Maggie watched him carefully. The way he spoke—it wasn't dramatic. It wasn't for attention. It was truth. Raw, simple, cold.
"I was five," Axel continued, "when he started training me. Woke me up at four a.m., made me run until I threw up. Made me fight kids older than me. Made me bleed until I learned how not to."
His eyes drifted toward the sky, clouds slowly crawling across the stars.
"I was ten when I killed for the first time."
Maggie felt a chill crawl down her arms.
"Before the world ended, he brought me to his base. Soldiers respected him—no, feared him. The kind of man who walked into a room and silence followed."
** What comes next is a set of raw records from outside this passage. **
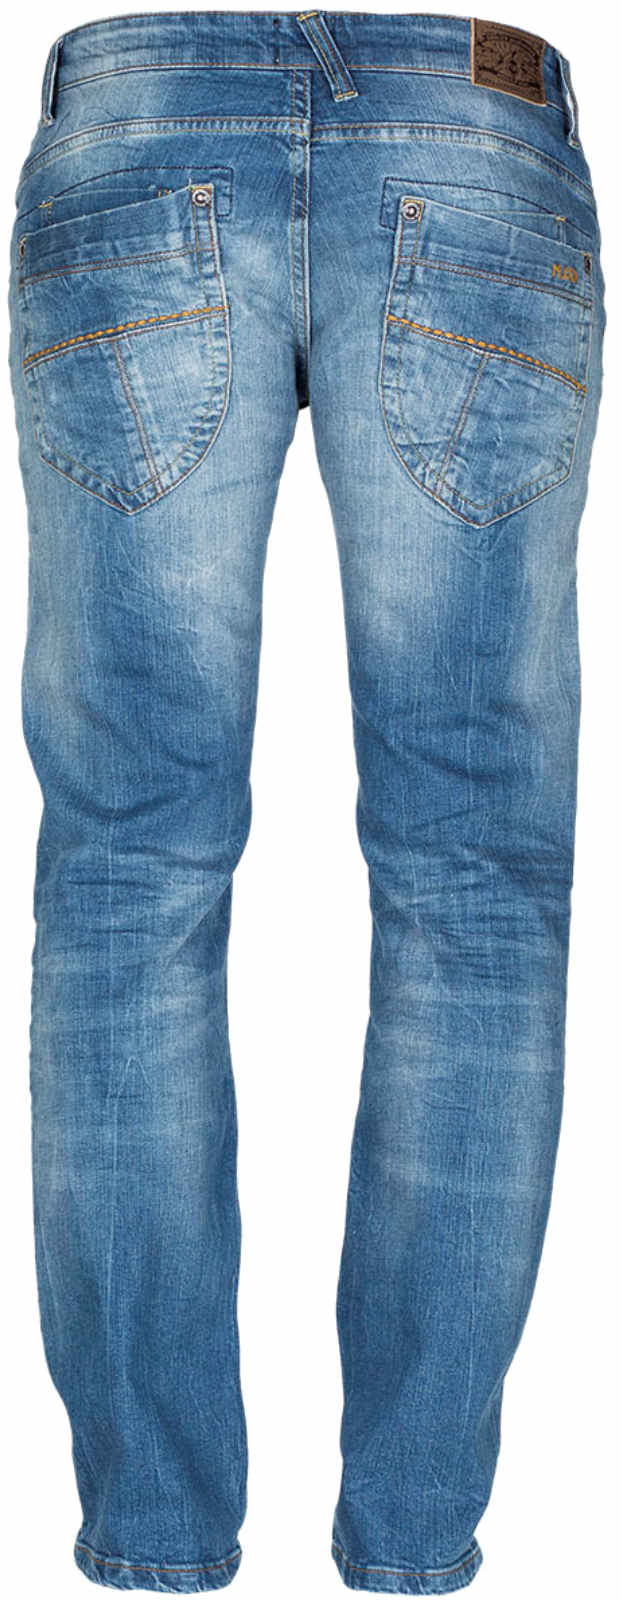 m o d herren jeans joshua comfort sp16 1008 low waist neu. Black Bedroom Furniture Sets. Home Design Ideas
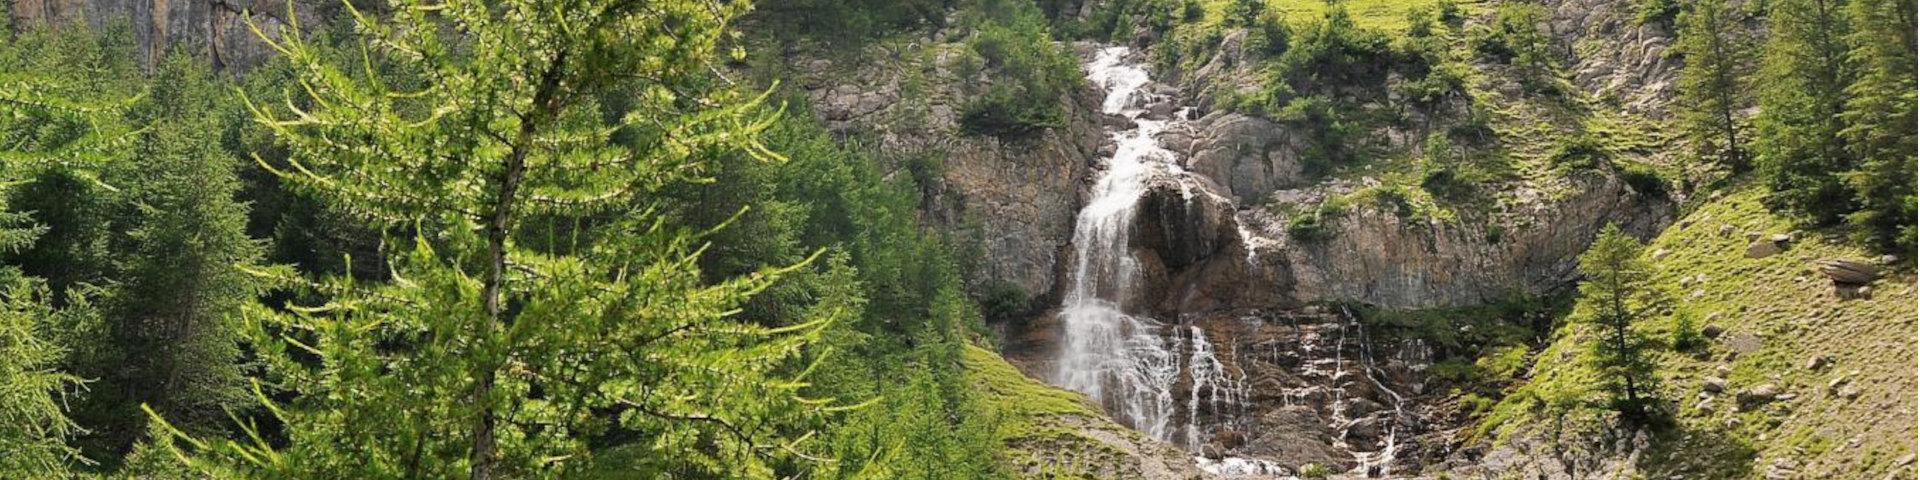 banniere cascade
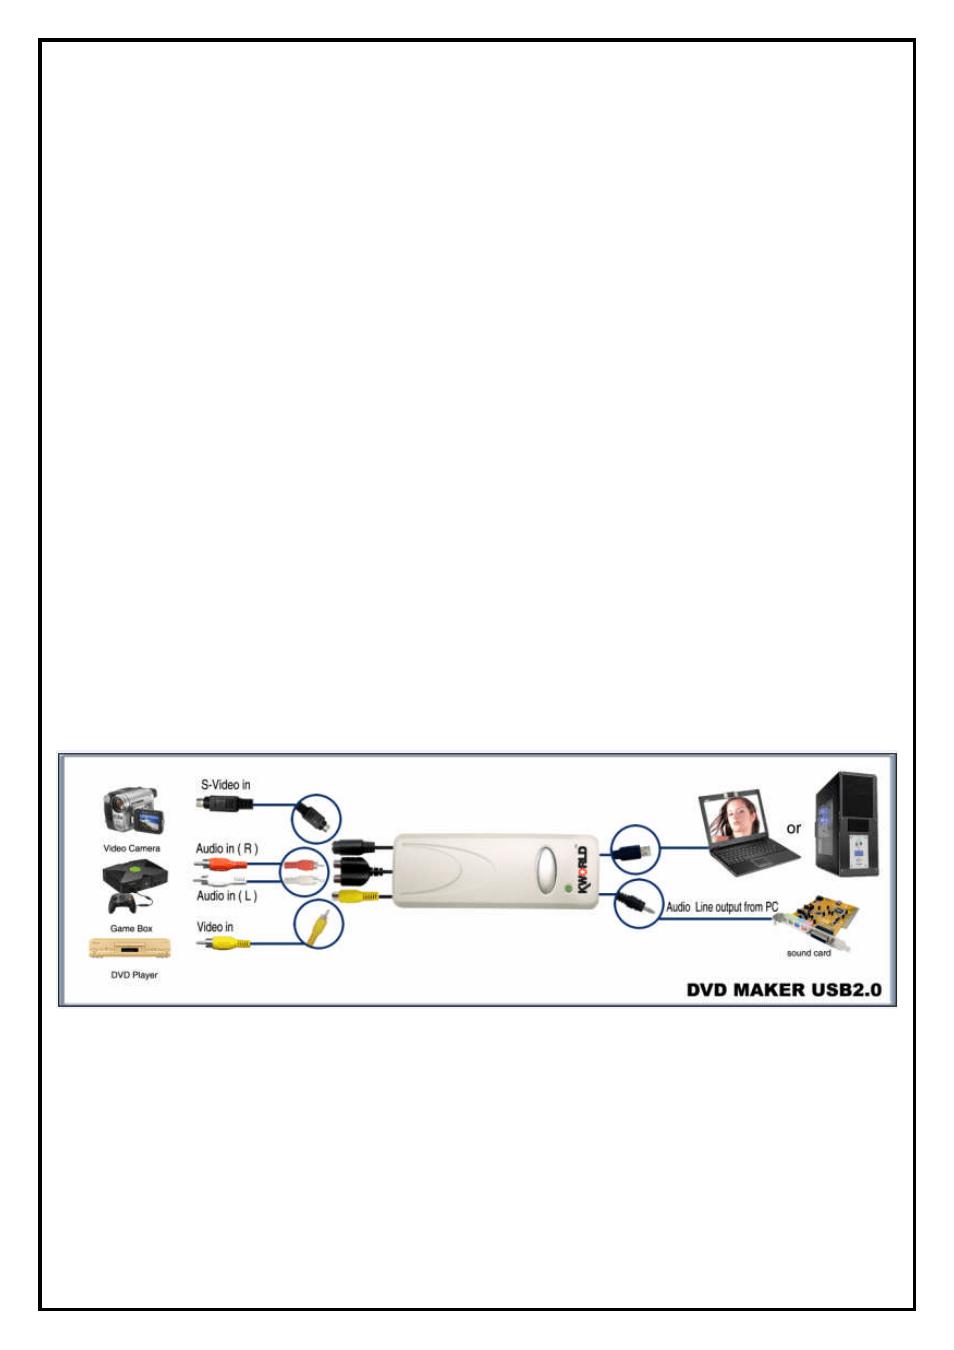 Chapter 1 : dvd maker usb2.0 hardware installation, 1

"He took me into this room. Dark, cold. Just me... and a war criminal, chained, beaten to hell. My father handed me a knife."
Axel paused, flicking ash from the tip of his cigarette.
"Then he told me: 'The winner leaves this place.'"
He let that hang in the air.
"You weren't wrong, Maggie," he said, voice soft and serious now. "If I died that day, he would've let that man out. Just walked away. No emotion. That was the test."
Maggie said nothing. Her heart was beating too loud in her ears.
Axel looked at her with a crooked smile that didn't reach his eyes.
"I won, obviously. But a piece of me stayed in that room, you know? It never really left."
He stepped back, the cigarette burning low between his fingers.
"So when you ask what I am, or how a twenty-one-year-old like me became this?" He gestured at himself with a half-laugh.
"The answer's simple, love. I was never a kid."
He turned, walking away, smoke trailing behind him like a ghost.
And Maggie stood there, staring into the night, knowing she had just touched the edge of something vast, brutal, and broken.